By Steven Borne
I propose creating a George W. Bush Day — a national holiday, the Friday of Thanksgiving weekend to be the new national election day, instead of the first Tuesday in November.
This day will become a day of remembrance — a chance to avoid repeating the historic national mistakes of the past eight years. Our past generations have enabled our great nation to be divided, the balance of governmental power distorted, our national identity betrayed and our economy crushed by debt and irrational economic policies. We are now obligated to right our nation and help make America, America again.
The economy can certainly absorb the influx of holiday shopping and more people will be home to vote or know sufficiently in advance to request absentee ballots. Holiday-focused shows, events, classroom content, sales promotions, etc., can all help drive educated participation and motivate the population to be more informed of the candidates and positions. We can build a national message that leverages our past mistakes (from both parties) to enforce the importance of education, participation and the role of the populace to mandate responsible, effective government.
This new holiday will encourage our schools and media to educate and emphasize the responsibilities of the electorate to maintain the health of our democracy. With all due respect to exceptional educators, the national evidence of the past eight years proves that our educational and media system has failed our democracy. There is no better learning example of what can go wrong than the George W. Bush administration and how we failed to prevent its actions. As we re-educate our nation, imagine the potential quiz questions.
n Of these six acts by the Bush administration, which one is actually permissible under the Constitution?
n True or false, Vice President Dick Cheney controlled and determined more executive and policy decisions than President Bush?
n What is the estimated level of global competitiveness America forfeited that is directly attributed to the No Child Left Behind program?
n Extra credit essay: Defend either statement using at least five reference points — "In presenting the justification for invading Iraq, the Bush administration was a) incompetent or b) intentionally lied to the nation?
We face a long, hard uphill climb. Only by acknowledging our collective failure and recognizing how national apathy enables single-minded individuals to manipulate a nation, can we begin to heal our nation and to rebuild our economic and national strength.
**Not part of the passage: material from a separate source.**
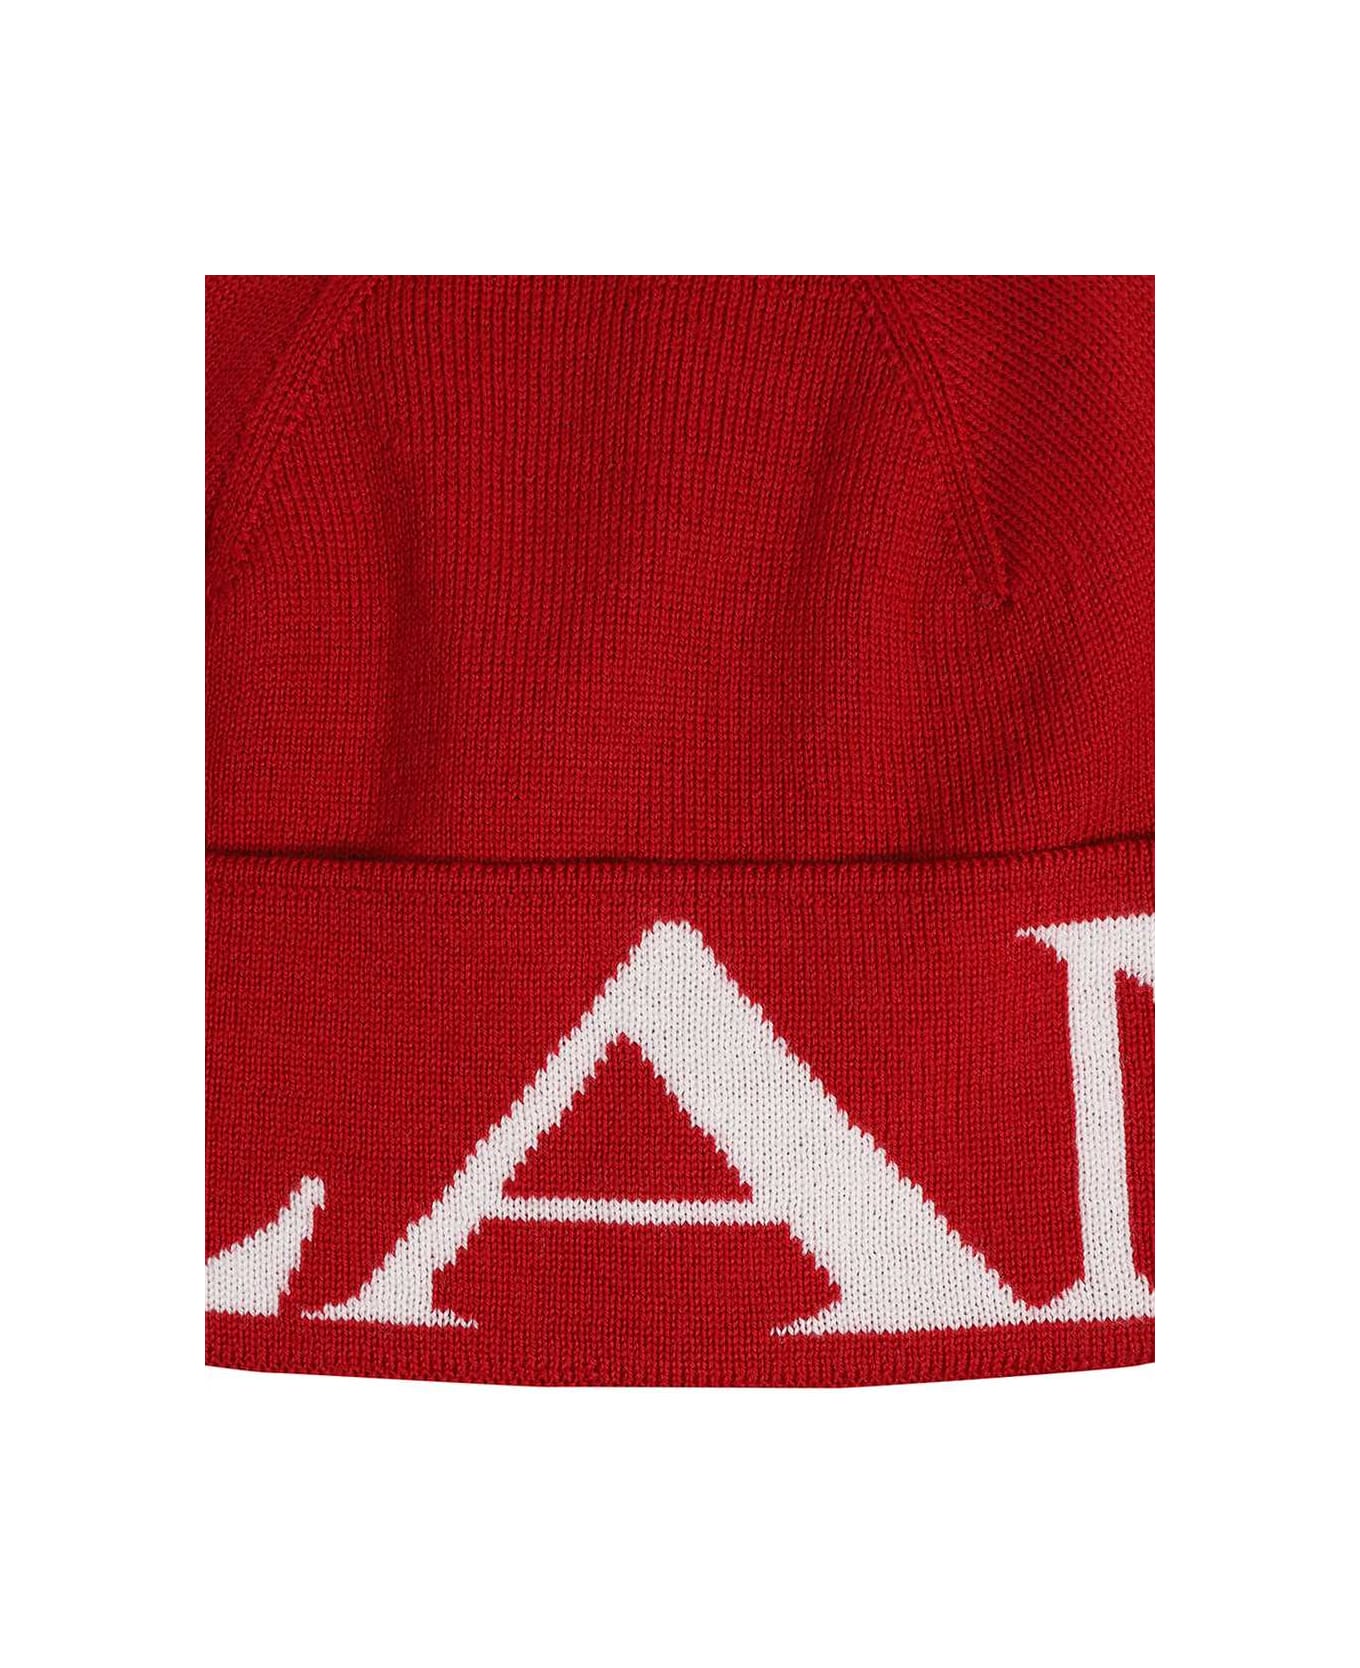 Lanvin Wool Hat - red

George W. Bush Day, will stress the patriotic duty of every American to fight through the propaganda, misinformation, irrational logic, bias news sources and then to question everything by participating in the debate and discussion required for a healthy and evolving democracy.
Communism taught in school shows how intelligent and educated people accepted the misguided logic and rational of a communist government and how most chose to follow, rather than question or fight back. We learned how the mass majority in these countries were driven into a rut by the ruling powers and were incapable of climbing out. We had always assumed that America was immune to this type of behavior. Well, America has proven that we too, can be led into a national rut. America needs to acknowledge and constantly remind ourselves what happened during the George W. Bush administration. The many manipulative acts of this administration must never be forgotten. We can never ignore how the conservative faction took a large lever labeled "faith" and drove it deep into the nation where it touched enough of the populace so too many of us aligned behind the calculated power grab. Then the national outrage from the 9/11 attacks was leveraged to accelerate our democratic demise as more citizens were driven into a deeper national rut, executive power expanded, and the conservative agenda enacted.